> [WHAT YOU ARE ASKED TO DO]:
The records below hold a stretch from the line with "Esen Apt.No:19/9 Kadıköy/İstanbul" through the line with "Yves Saint Laurent"; return exactly those lines, ends included, and nothing more.
*** RAW DATA Section Begins ***
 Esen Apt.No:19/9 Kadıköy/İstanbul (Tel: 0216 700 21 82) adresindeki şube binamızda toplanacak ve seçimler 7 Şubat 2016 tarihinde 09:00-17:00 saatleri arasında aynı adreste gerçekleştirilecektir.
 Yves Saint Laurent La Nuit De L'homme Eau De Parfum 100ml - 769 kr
*** RAW DATA Section Ends ***
*** RAW DATA Section Begins ***
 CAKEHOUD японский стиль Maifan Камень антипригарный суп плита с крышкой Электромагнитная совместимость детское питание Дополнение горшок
*** RAW DATA Section Ends ***
*** RAW DATA Section Begins ***
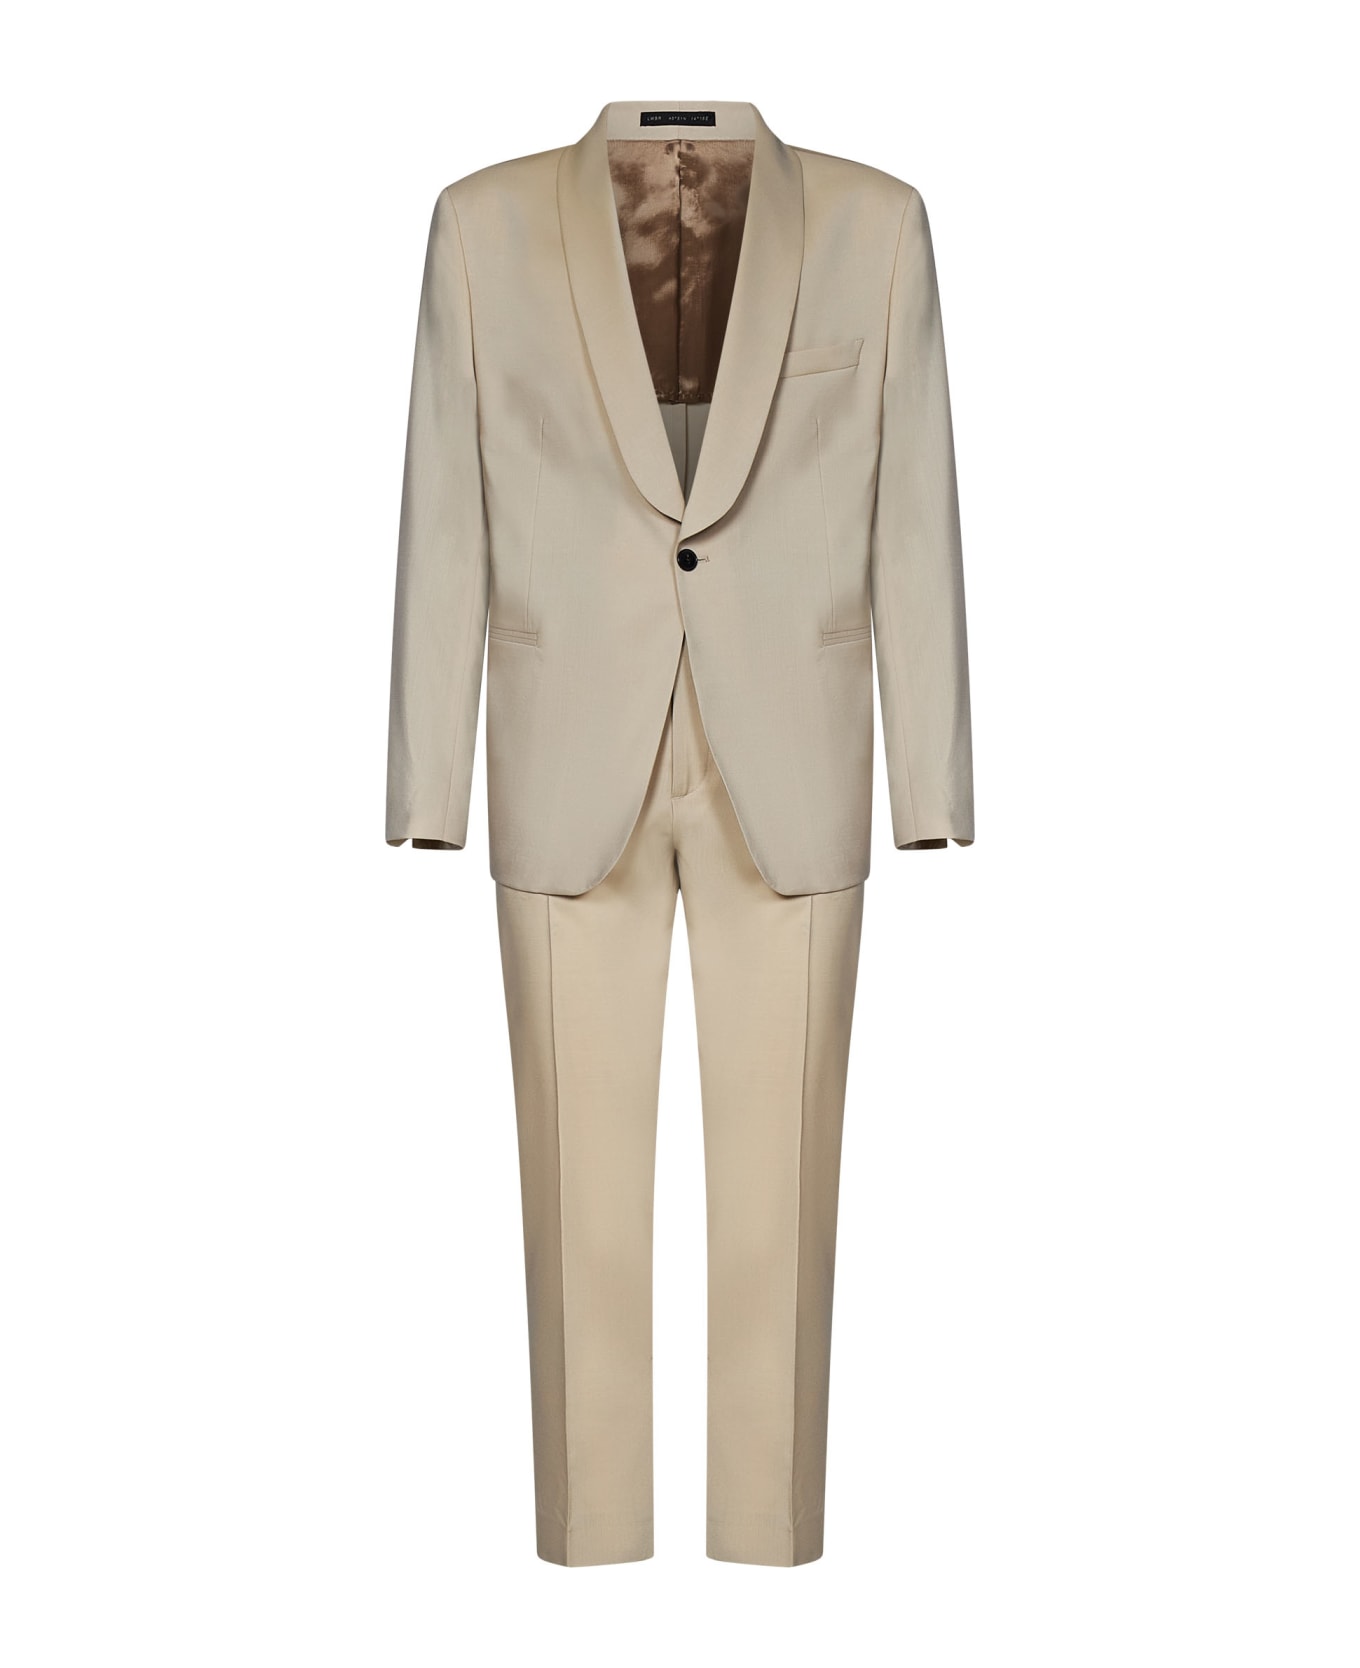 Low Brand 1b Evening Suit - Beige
*** RAW DATA Section Ends ***
> [RESULT FOR THIS TASK]:
 Esen Apt.No:19/9 Kadıköy/İstanbul (Tel: 0216 700 21 82) adresindeki şube binamızda toplanacak ve seçimler 7 Şubat 2016 tarihinde 09:00-17:00 saatleri arasında aynı adreste gerçekleştirilecektir.
 Yves Saint Laurent La Nuit De L'homme Eau De Parfum 100ml - 769 kr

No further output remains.